PHASE 2: EDA and Data Cleaning

The Basis for Comparison

We have combed through the scientific data and predictions we will be comparing our globally collected climate data with. These findings come from government supported reports containing reasonings for certain climate numbers, such as the 1.5 degreed centigrade that we have shown as a majorly significant number.

A csv file containing the figures we will use as a basis of comparison has been added, and we will use this with future EDA.

Datasets used

Currently we are working with three to four datasets. The first dataset is a text file (refer to phase 1 section) which has yet to be analyzed due to errors with the text file when scraping but should be resolved soon.

The second and third datasets (refer to phase 1) have been added as csv files to use for comparison.

The fourth dataset is an extra set we're using to justify our claims. Included is the EDA of it.

EDA process

We decided to first clean the data. There were lots of missing values (NaN) since this dataset goes back to around the 1800's for temperature. Since most of the values were around the same, we decided to just fill the NaN values with the mean values. Next we analyzed the dataset by using a histogram, scatterplots, joint plots, and a boxplot. We did not include a parallel coordinates plane as it wasn't necessary for our data. More information about the EDA in action can be seen on the "square_proj_phase2.ipynb" file.

How to run the code?

  1. Assuming that the scraped files and downloaded datasets are already there on top of the Jupyter notebook environment, one can begin to do the EDA by themselves.
  2. Once the code has been typed on the Jupyter notebook environment using Python 3 as the kernel, simply click "Restart Kernel and Run all Cells" after clicking on the Kernel tab in Jupyter notebooks.

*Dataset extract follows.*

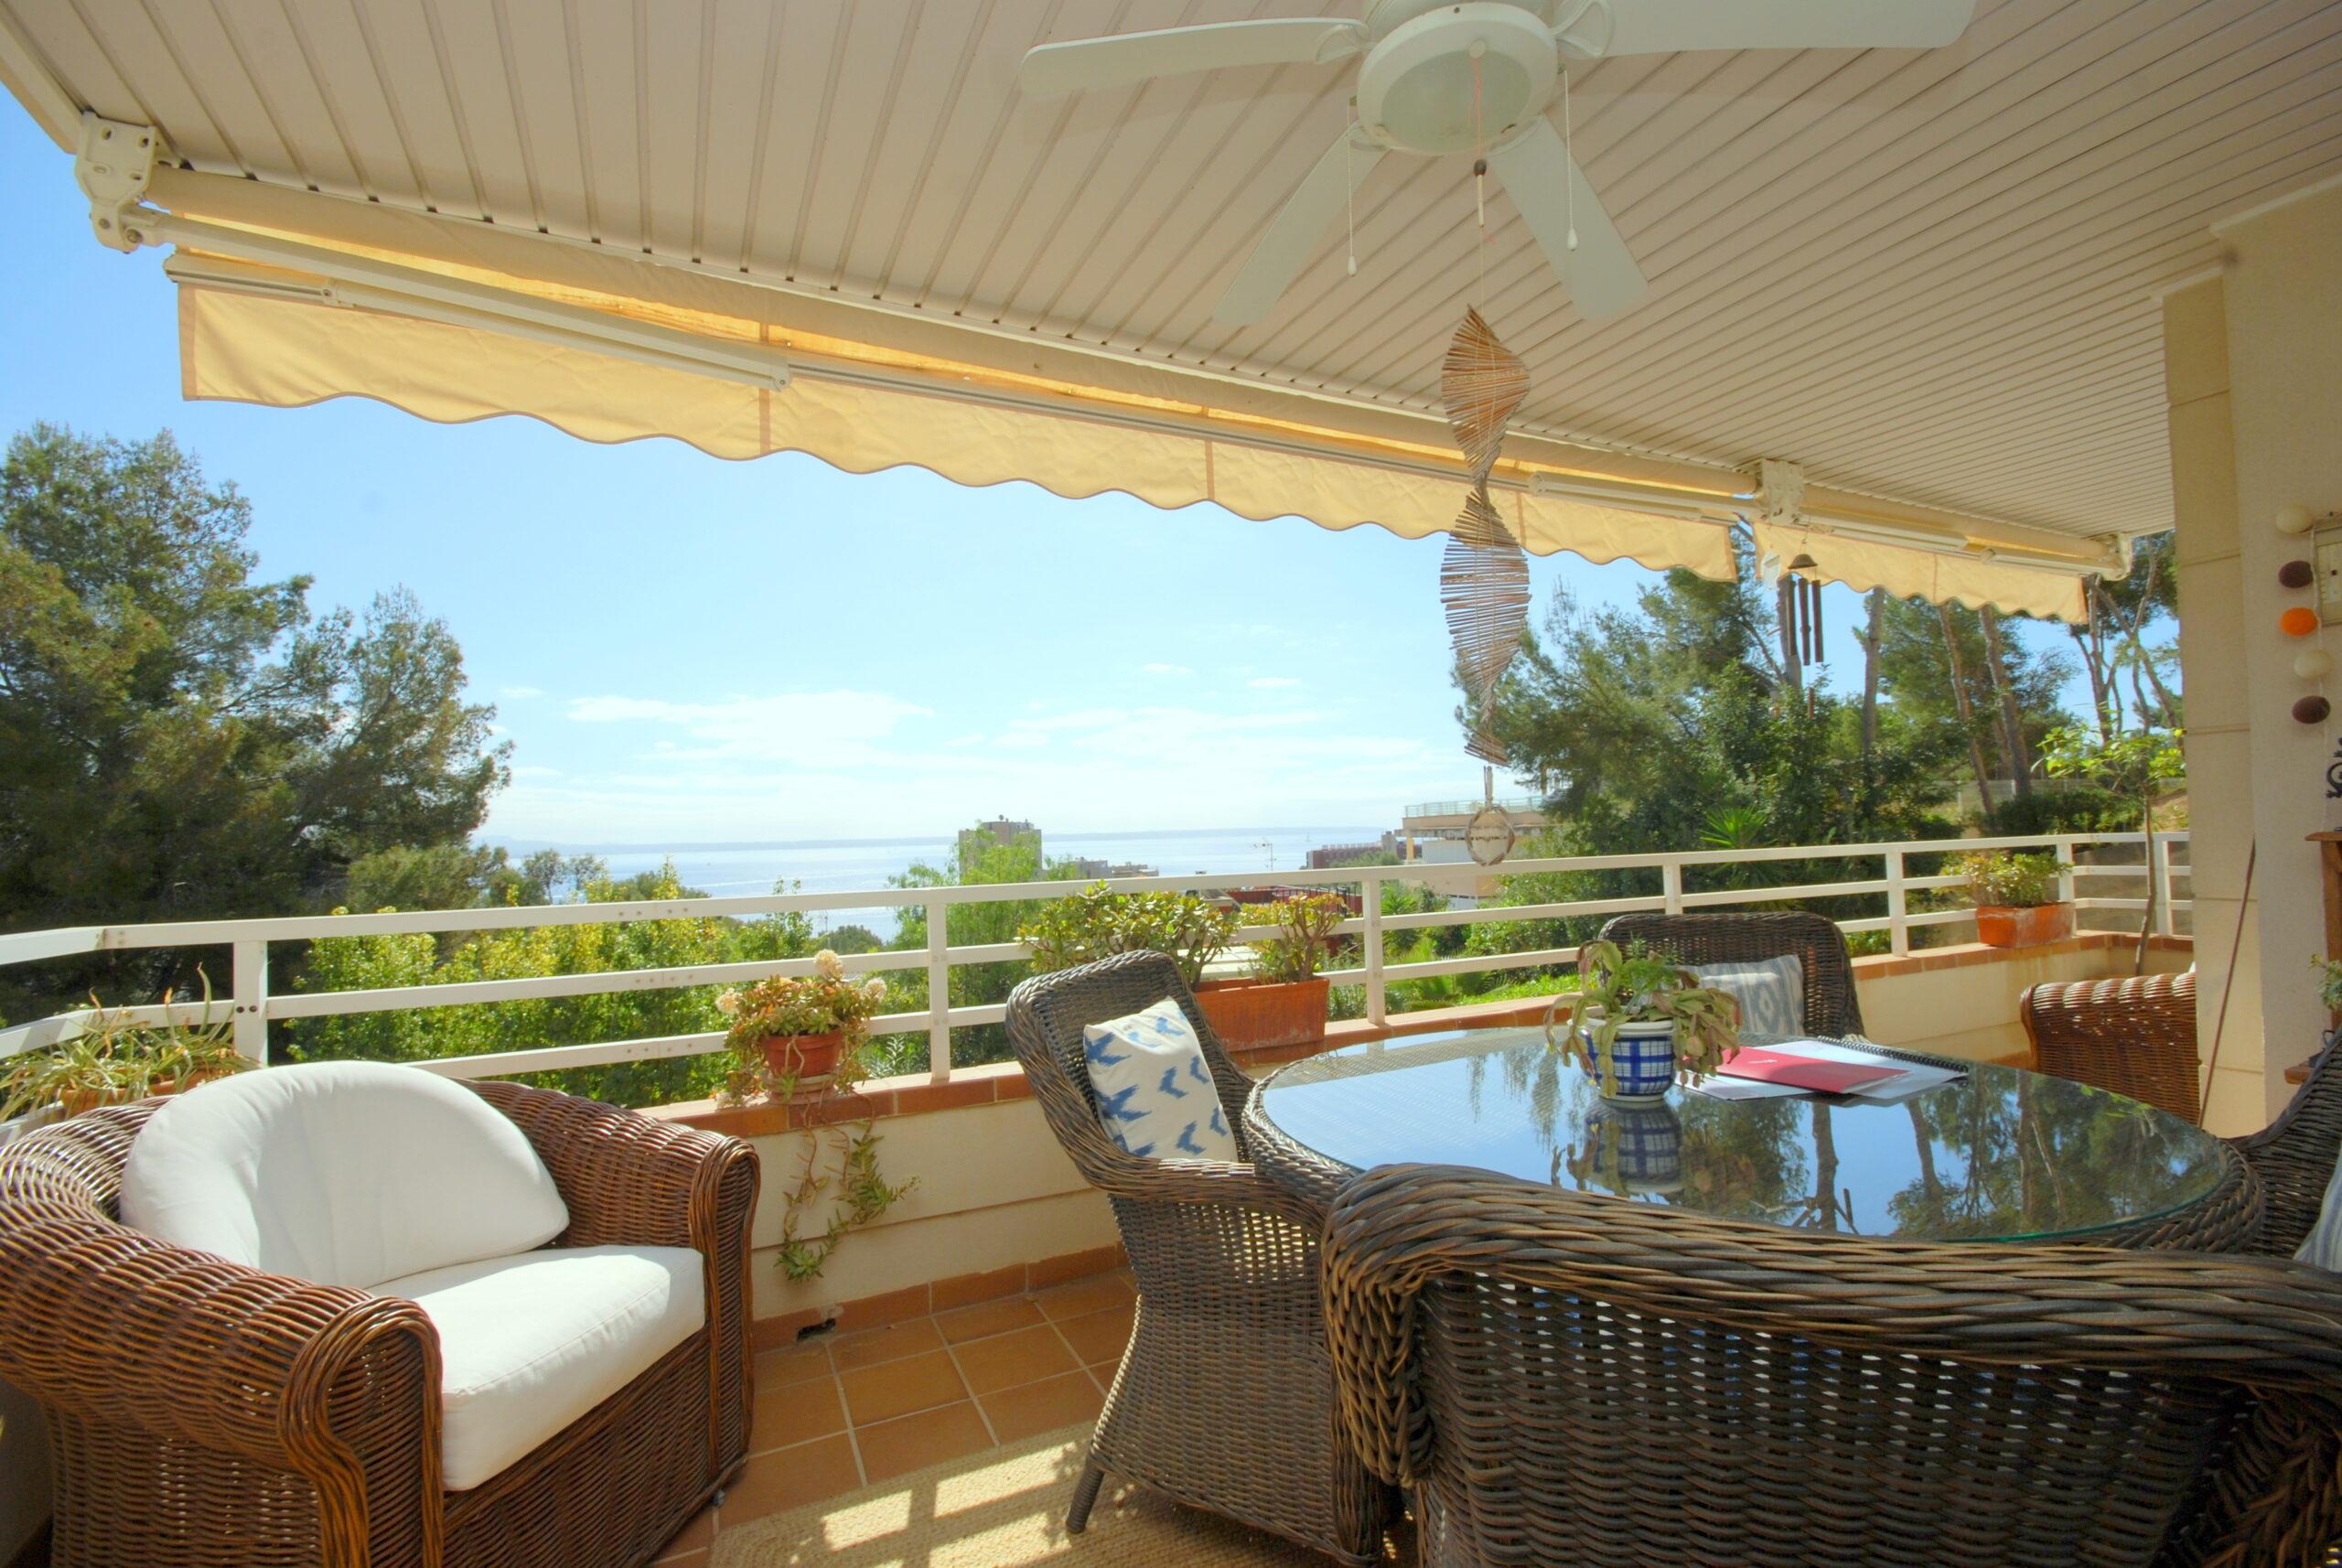 Piso amplio y luminoso ubicado en la zona residencial de Cas Catala Nou, con excelentes vistas al mar

Phase 3: Data Analysis Phase

Datasets used

We decided to just use 1 datset for this. Our fourth one from phase 2 as it is the only one with EDA done on it. We plan on using the dataset to explore two hypothesis in continuing our data analysis.

Code should be run in the same way as in Phase 2. Reiterated here:

  1. Assuming that the scraped files and downloaded datasets are already there on top of the Jupyter notebook environment, one can begin to do the EDA by themselves.
  2. Once the code has been typed on the Jupyter notebook environment using Python 3 as the kernel, simply click "Restart Kernel and Run all Cells" after clicking on the Kernel tab in Jupyter notebooks.

Hypothesis

  1. We hypothesize that as global warming temperatures increase, the years also increase, and thus have a correlation.

Final Thoughts

As we can see, there is an obvious updwards trend in overall temperatures for countries around the world. Our analysis showed that just with the first scatter graph under the hypothesis section comparing the year with the average temperature. There is clearly a more concentrated area started around 50 degrees at the year 1850 and working its way upwards towards the year 2000. Here is a picture for reference. Scatter plot

On top of this, we can also conclude that the average temperature has gone up from what it was in the 1750s. From this graph, one can see that the temperature has risen 10-15 degrees. scatter two

Thus, from the conclusions above, our hypothesis has been proved.